Task brief. The listing must be copied out in full and exactly; no images go with it.

Collected material.
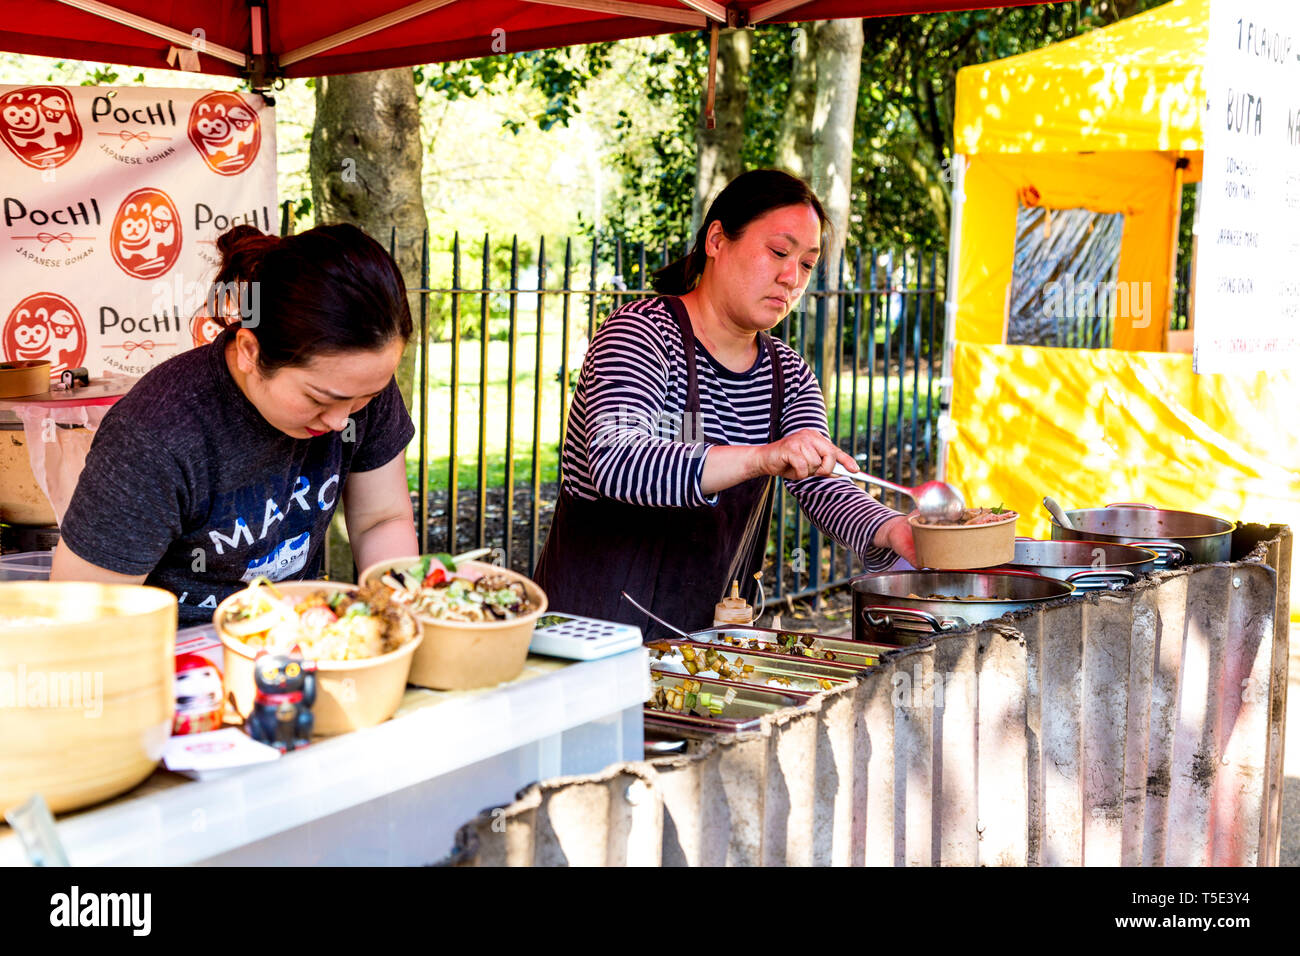 Japanese street food Pochi, woman serving bento rice bowls at Victoria Park Market, London, UK Stock Photo
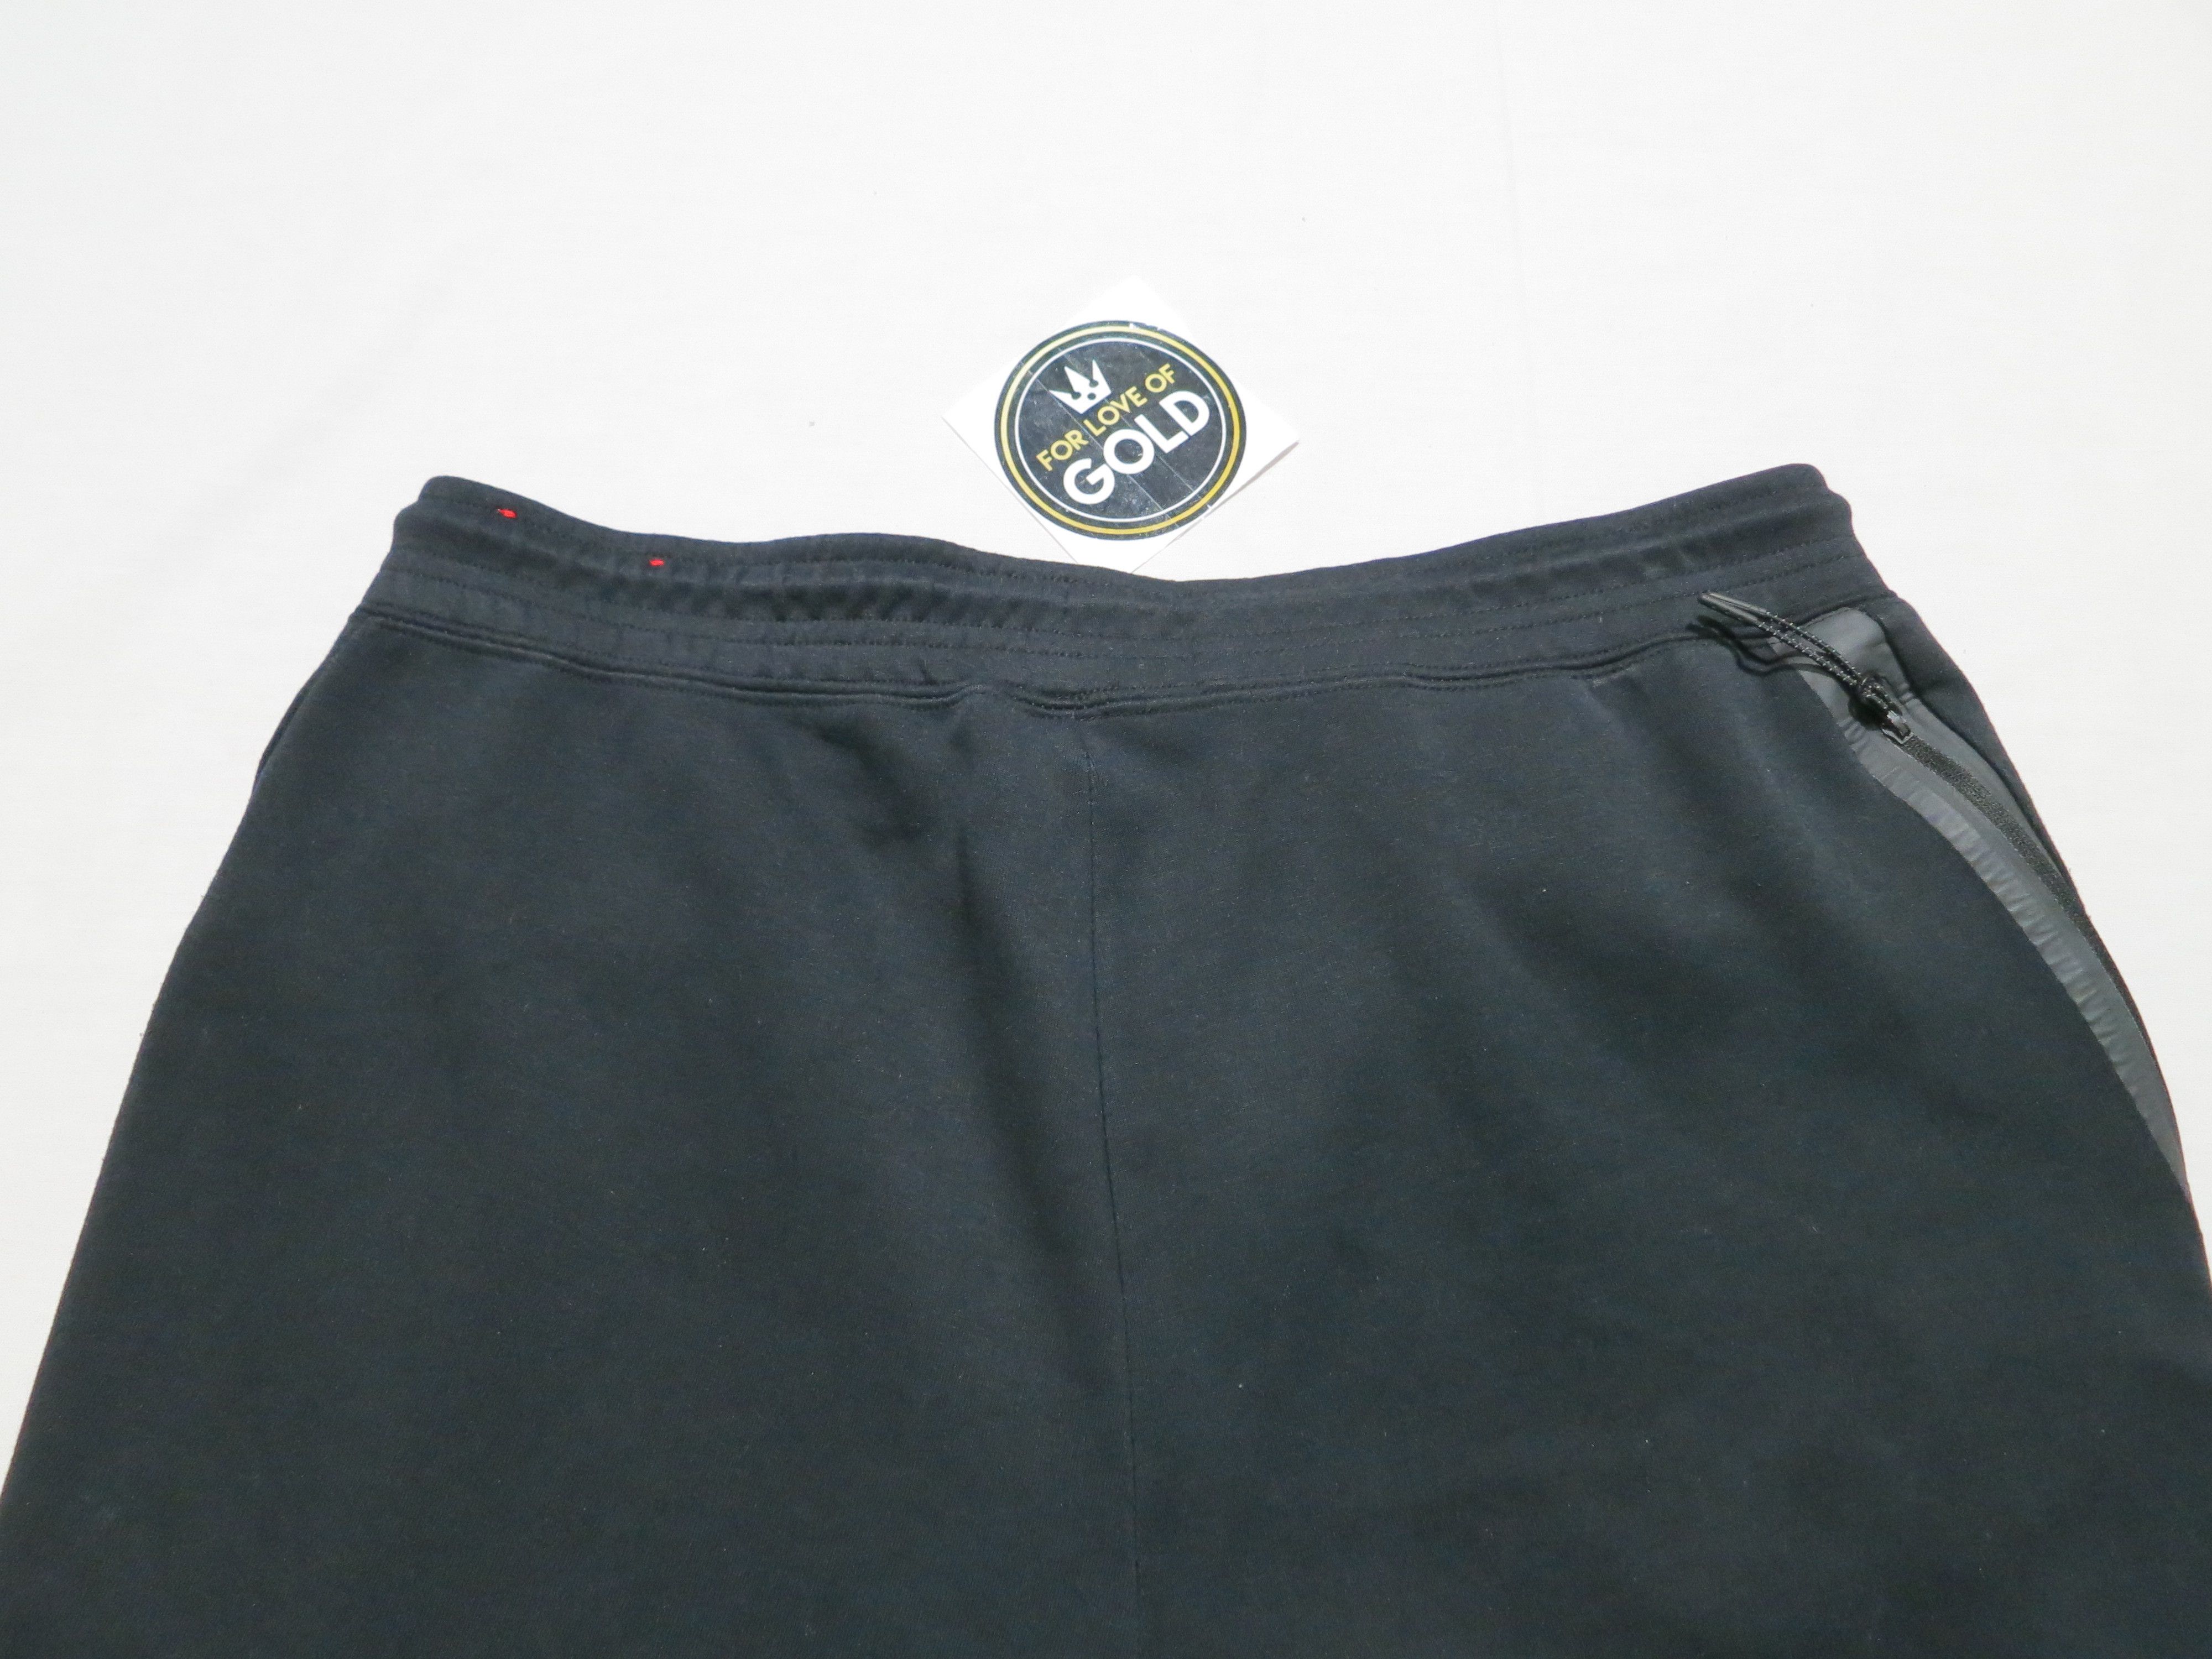 Nike Nike tech fleece black joggers sweatpants Size US 32 / EU 48 - 5 Thumbnail
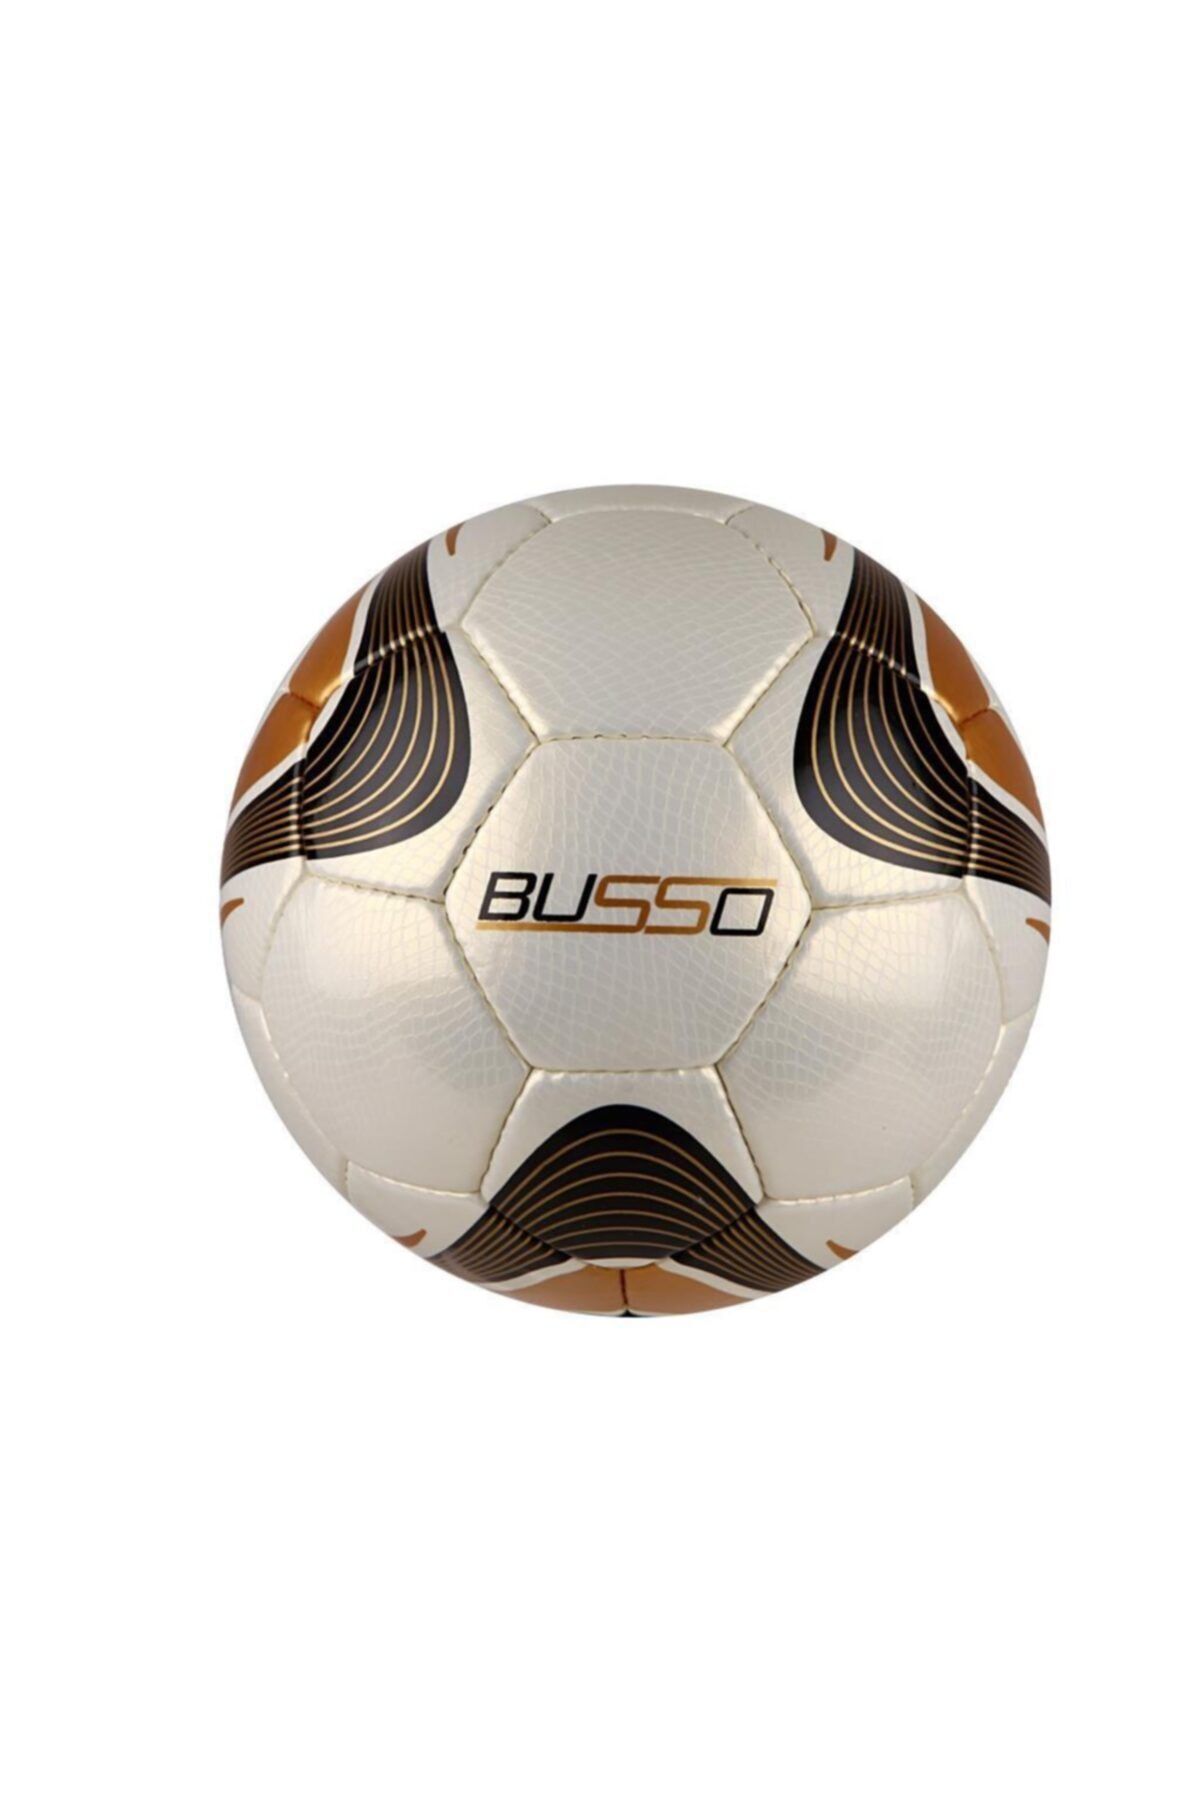 Busso Super Futbol Topu No:4- Yeni

Response for this exercise.
 Japanese street food Pochi, woman serving bento rice bowls at Victoria Park Market, London, UK Stock Photo
 Nike Nike tech fleece black joggers sweatpants Size US 32 / EU 48 - 5 Thumbnail
 Busso Super Futbol Topu No:4- Yeni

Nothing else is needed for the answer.